* TO DO *
No pictures belong in the copy. Retype exactly, and only, the stretch of lines below from the one with "Handschuh und Gesichtsmaske" through the one with "हॉट सेल अवतार".

* RECORDS FOR PROCESSING *
——————————
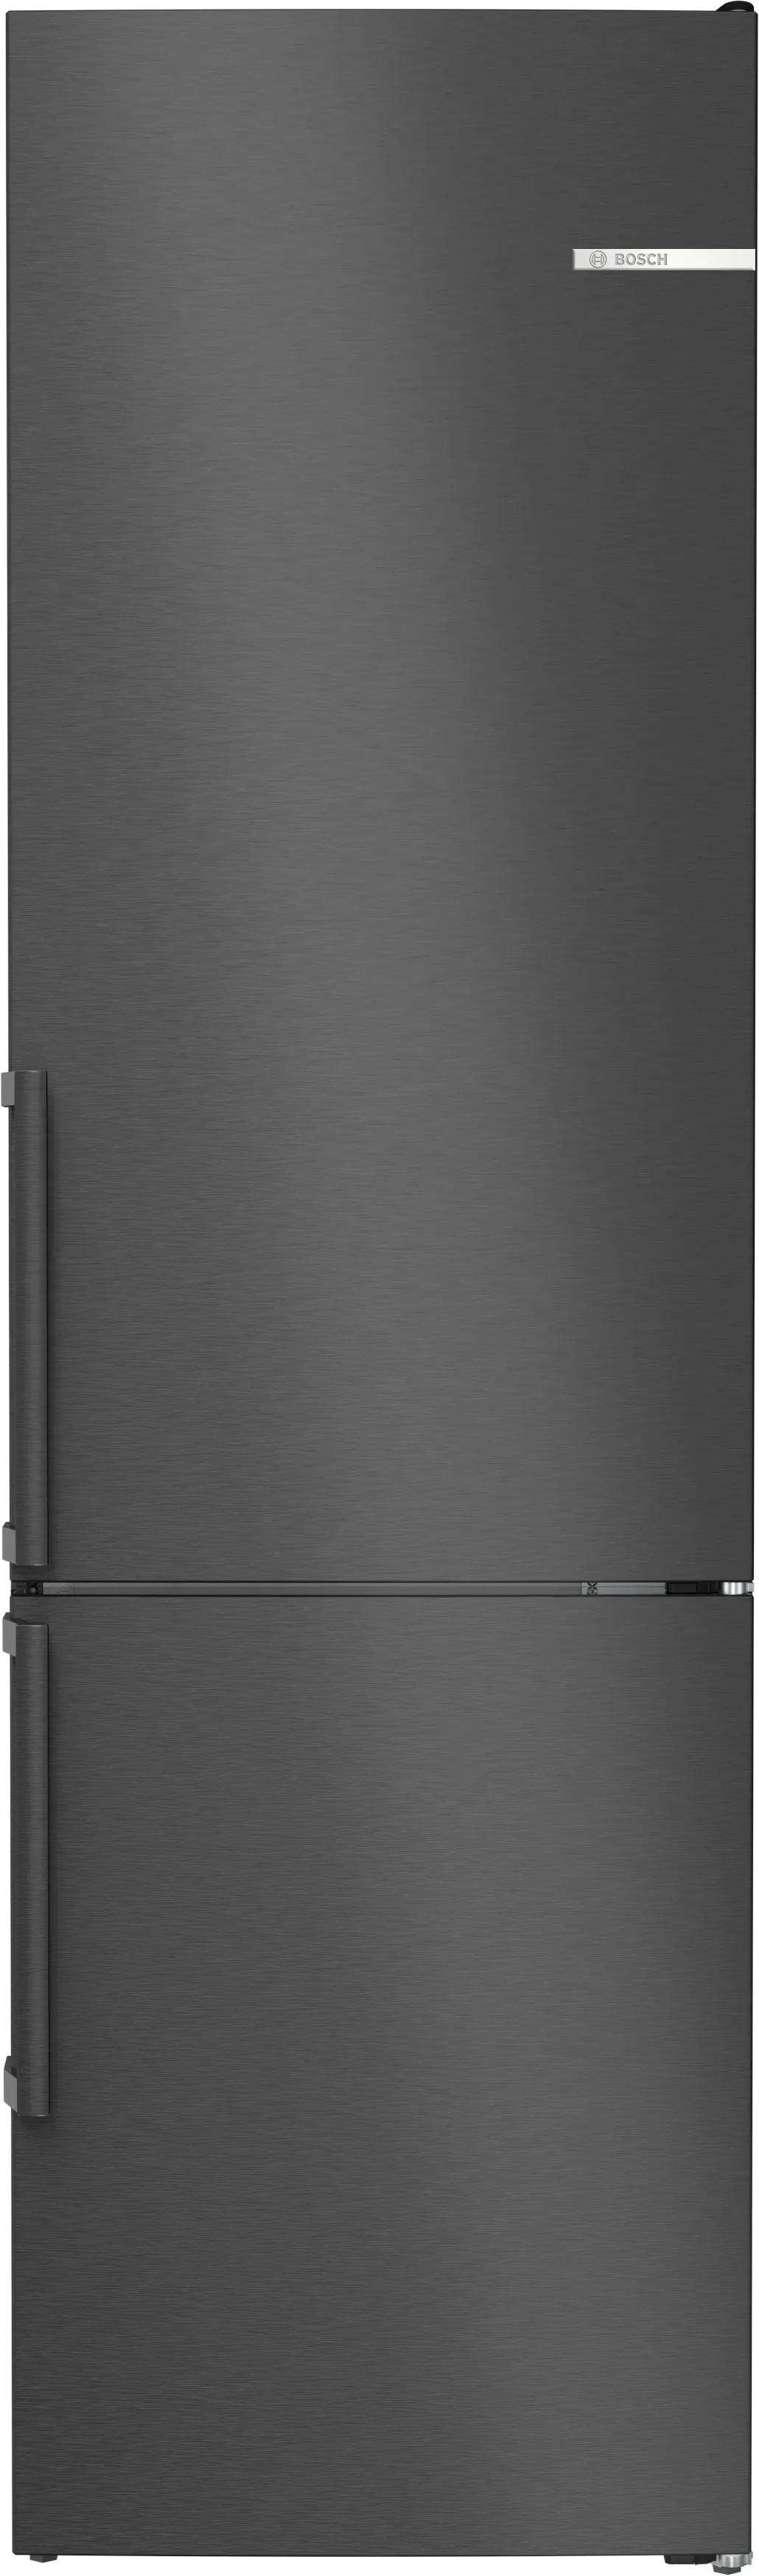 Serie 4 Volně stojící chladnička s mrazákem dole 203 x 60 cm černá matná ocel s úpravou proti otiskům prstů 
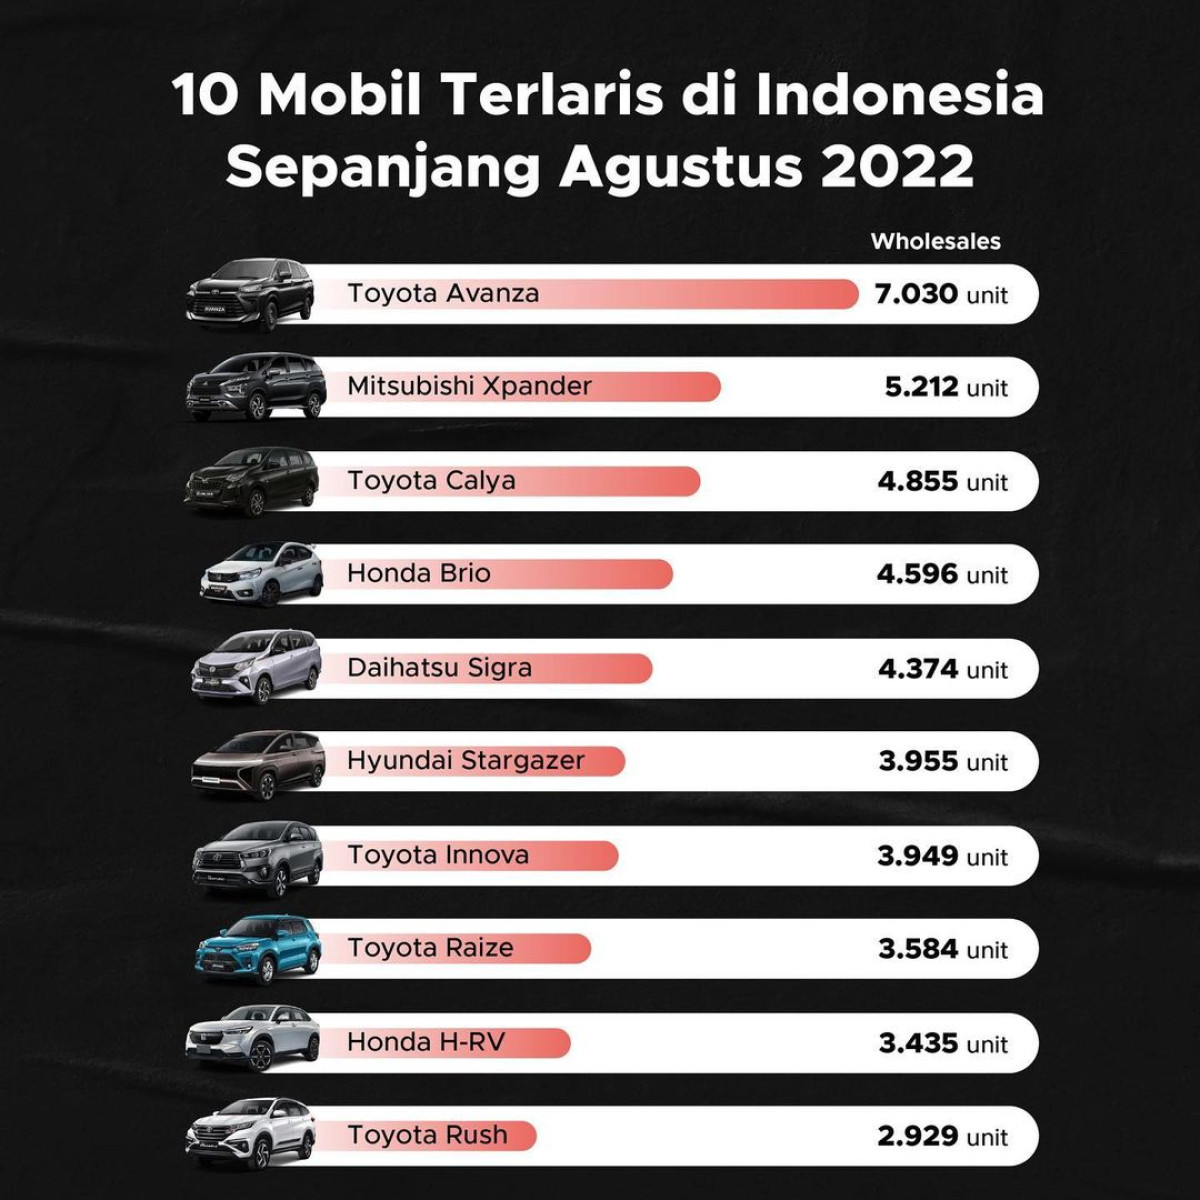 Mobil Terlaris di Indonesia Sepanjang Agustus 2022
——————————
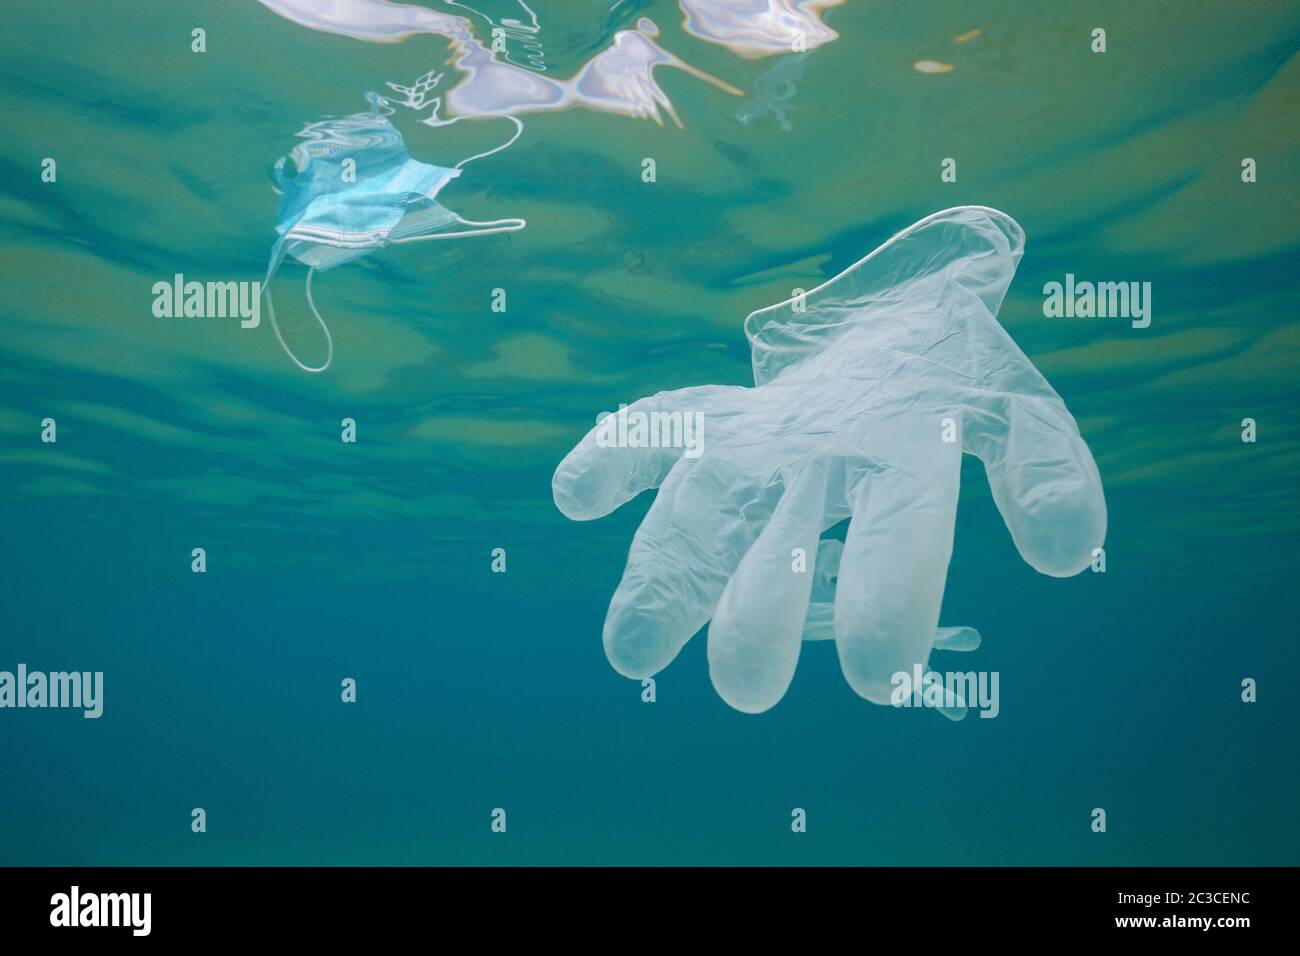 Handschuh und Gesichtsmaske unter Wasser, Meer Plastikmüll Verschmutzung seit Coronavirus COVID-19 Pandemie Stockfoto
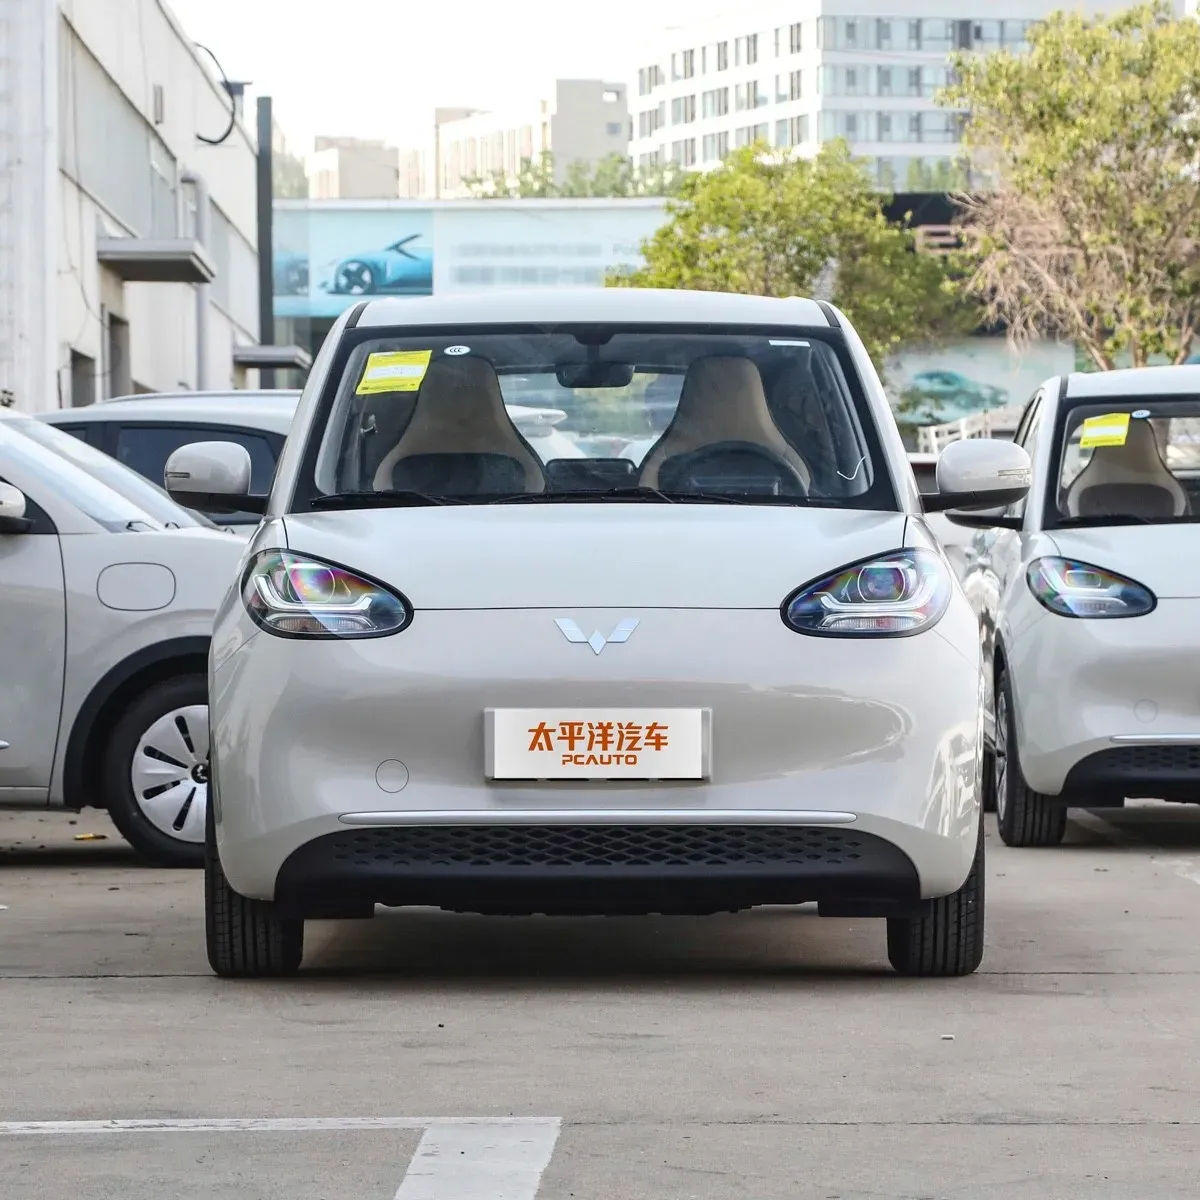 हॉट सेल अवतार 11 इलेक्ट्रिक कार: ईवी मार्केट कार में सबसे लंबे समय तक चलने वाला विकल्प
——————————
* EXERCISE SOLUTION *
 Handschuh und Gesichtsmaske unter Wasser, Meer Plastikmüll Verschmutzung seit Coronavirus COVID-19 Pandemie Stockfoto
 हॉट सेल अवतार 11 इलेक्ट्रिक कार: ईवी मार्केट कार में सबसे लंबे समय तक चलने वाला विकल्प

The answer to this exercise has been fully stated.